Join a local single-payer group near you (check out our local contacts page for more info).

Organize a single-payer group if there isn’t one in your area (we have some great organizing resources on our website).

Become a monthly donor to Healthcare-NOW!.

We can’t count on Congress or the President to insert single-payer into the national debate, but we know we can count on you.

For questions, comments, or ideas about next steps, email vanessa@healthcare-now.org.

2 Comments

  1. Robert Recht on December 5, 2011 at 3:00 pm

    Use “Escript” to raise funds. We do it locally in St Louis, Mo sucessfully
    for many orgs. Don Bechler in Calif has been informed on this. They may be doing it too.
    314 629 6219.
    Email to major networks re: vurtues of
    medicare for all” (single payer) can help greatly too. Members of HC-NOW can do this effectively, and continuously till the message gets thru.

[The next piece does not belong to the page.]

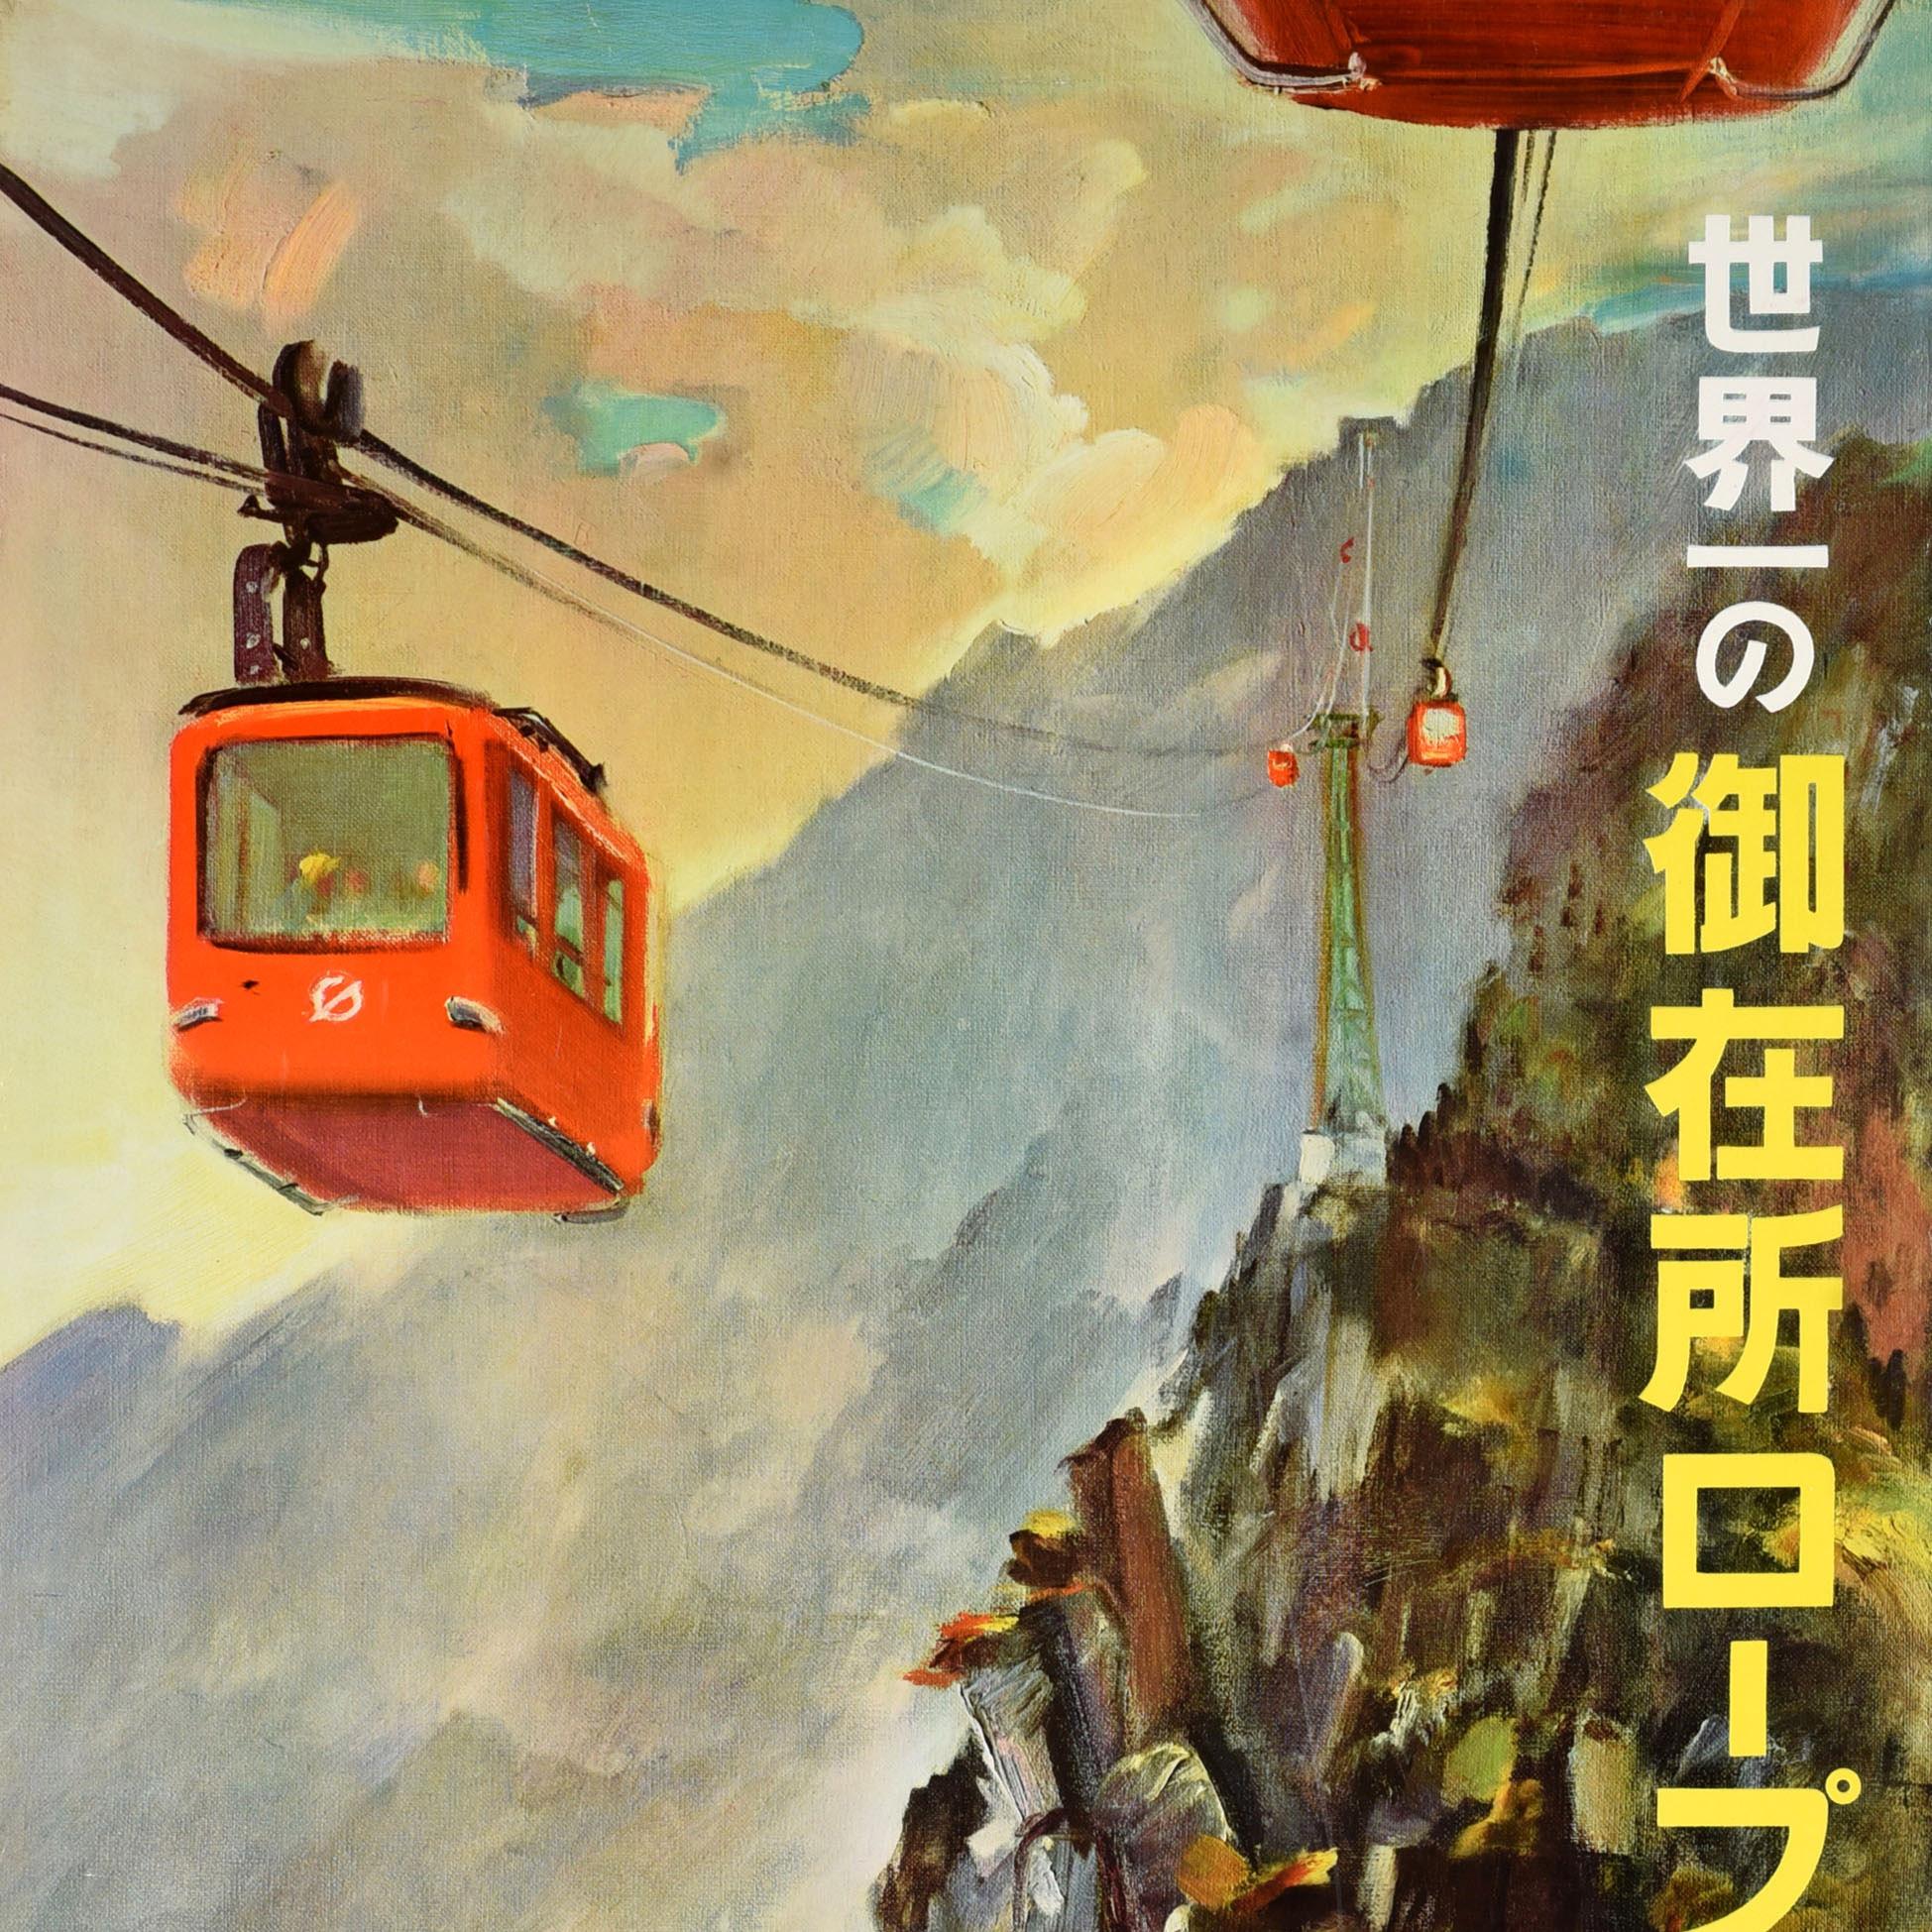 Original vintage Asia travel poster for the Gozaisho Ropeway 御在所ロープウェイ in Japan featuring people in red cable car cabins travelling up and down the mountain with the colourful forest below. Opened in 1959, the Mount Gozaisho Ropeway is a Japanese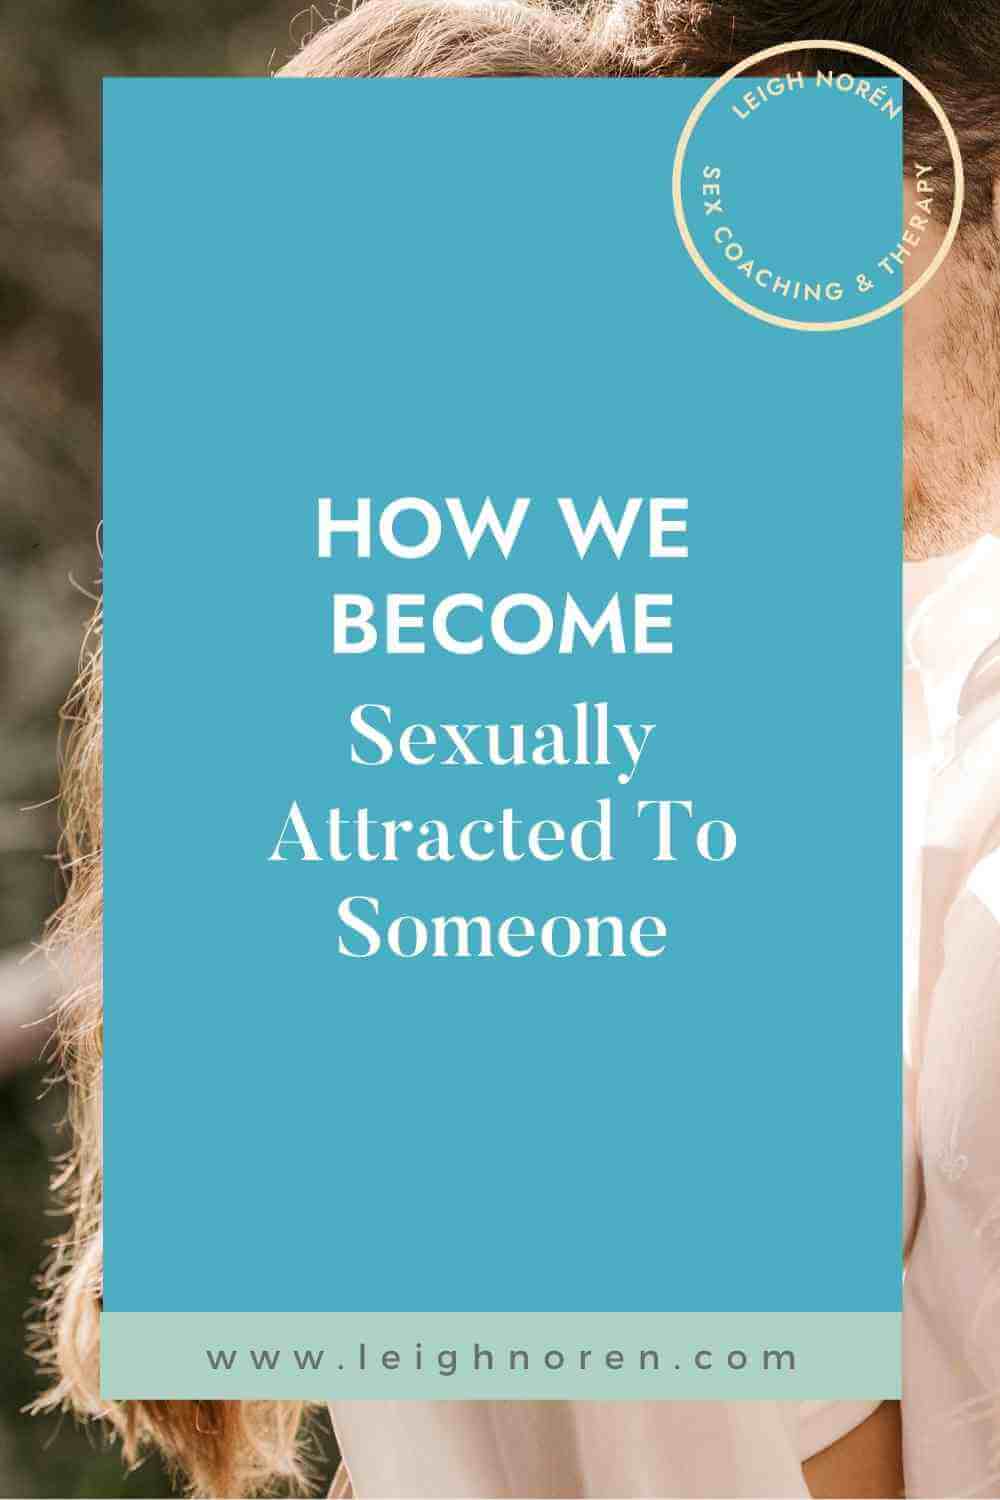 How We Become Sexually Attracted To Someone

  2. Carly EngageAmerica on December 6, 2011 at 4:43 pm

    In 2014, when the major coverage expansions of the health law begin to take effect, national health spending is expected to grow 8.3%. By 2020 the number of Americans with employer-sponsored insurance is expected to drop to 168 million as a result of baby boomers joining Medicare and employers dropping health coverage for workers. The Congressional Budget Office estimates that, by the end of the decade, 3 million fewer people will get health insurance from their employer http://eng.am/nE0nnN).

    In order to curb this out-of-control growth, reforms in several areas can be implemented that, if adopted, would save $9.4 trillion by 2035 when compared with Congressional Budget Office (CBO) baselines. The government should implement cost caps (approximately $5,500) on catastrophic illness. This would reduce the use of secondary policies and decrease overutilization of medical resources. Also, the government needs to implement an additional premium on beneficiaries to cover deficits within the Hospitalization Insurance Program – it cannot receive funds from general government revenues to finance its deficits, and will be insolvent by 2020, according to the CBO. Furthermore, beneficiaries’ contribution toward Part B of Medicare should be increased gradually from 25% to 35% to reduce the fund’s reliance on general tax revenues. The same policy should be implemented for Part D of Medicare. Finally, benefits for the wealthiest recipients should gradually be phased out (http://eng.am/uO83aB).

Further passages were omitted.